Antivirus technology is a crock. It fails to prevent computers from getting infected with viruses, and this failure contributes to many other security woes that plague the world's computers. Because viruses spread, hackers find it easier to compromise computers, identity theft is better enabled, and computer fraud is easier to perpetrate. Virus-infected computers become a resource for hackers to exploit. Some hackers assemble and control networks of thousands of such computers and use them to distribute huge volumes of spam, mount sophisticated phishing attacks, and launch targeted "denial of service" attacks on companies. The level of virus infection is high. It's not an epidemic; it's a pandemic. How bad is it? That depends on how you look at it.

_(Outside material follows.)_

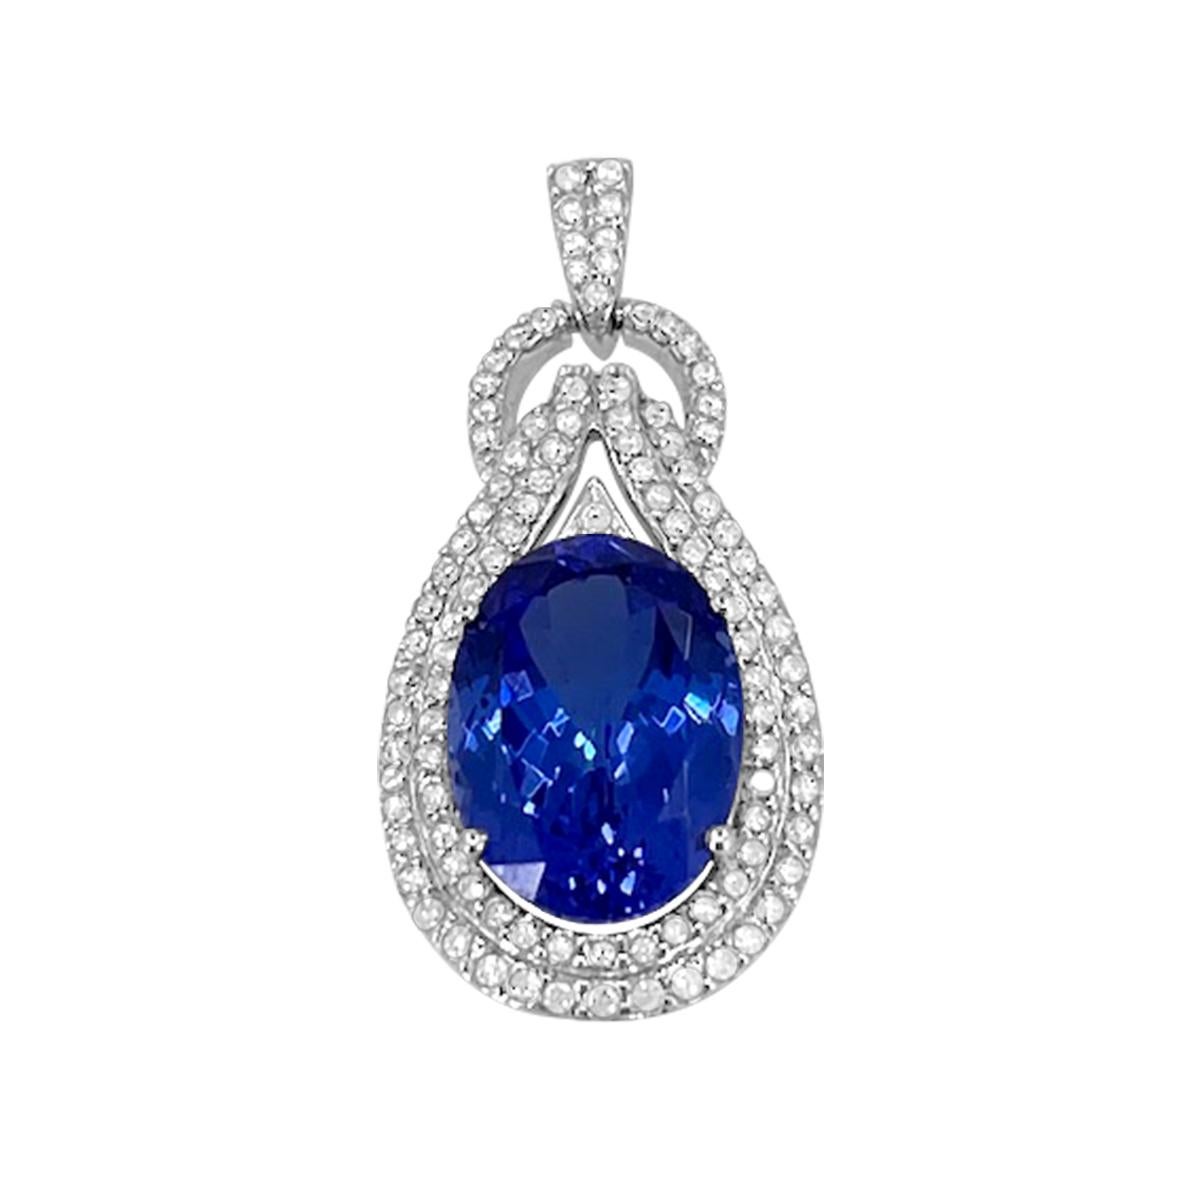 Tanzanite is one of the rarest stones. It is a member of the zoisite family, but is unique because of its striking blue/violet colour. Tanzanite is uniquely trichroic. This means that in its rough form, it radiates three different colours from each
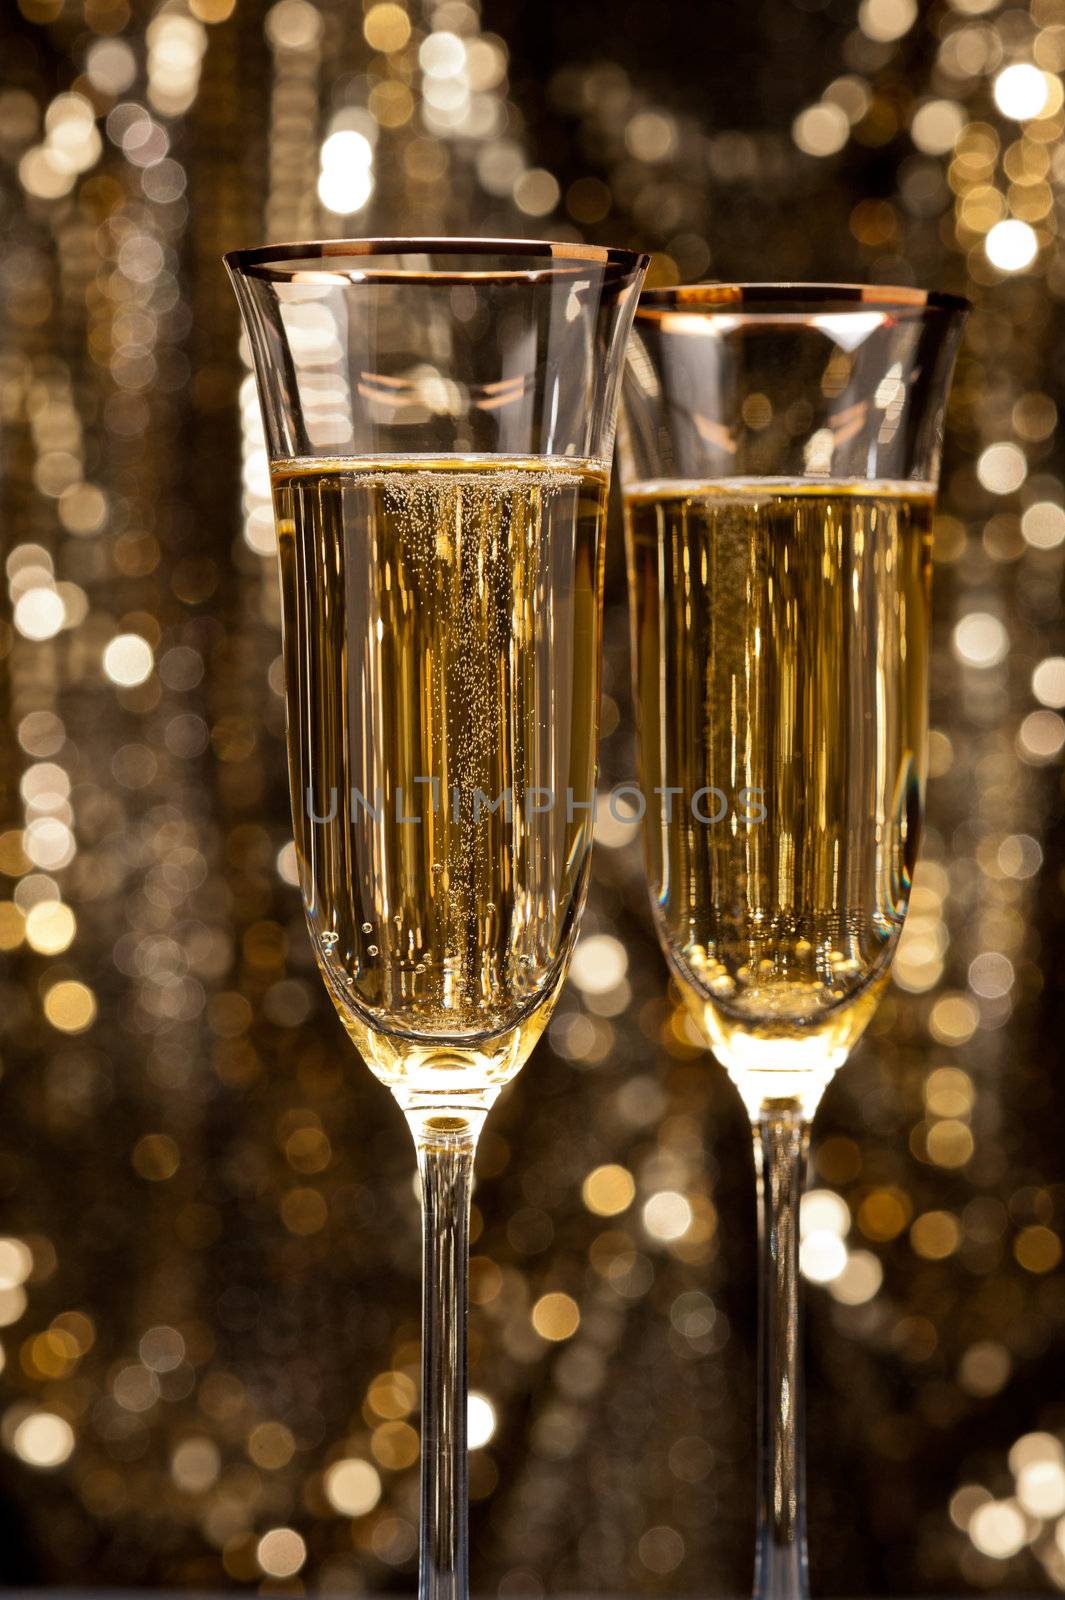 Champagne glasses in front of gold glitter background

For the home computer user and small-business user, infection is chronic. In June, 2006, Microsoft (MSFT) revealed the results of a 15-month test of its Malicious Software Removal Tool on home PCs and small-business PCs. The utility had been used to scan and clean 5.7 million PCs, and it found backdoor Trojans, or programs that let hackers gain entry, on about 62% of them. And during the 15-month period, 20% of PCs that were cleaned were reinfected. Big companies aren't immune, either. The 2005 Yankee Group Security Leaders & Laggards Survey indicated that while 99% of enterprises have deployed antivirus programs, 62% got infected by viruses. The situation for large enterprises is, it seems, not much better than for other PC users. They may be better able to recover from infection, but they still get infected.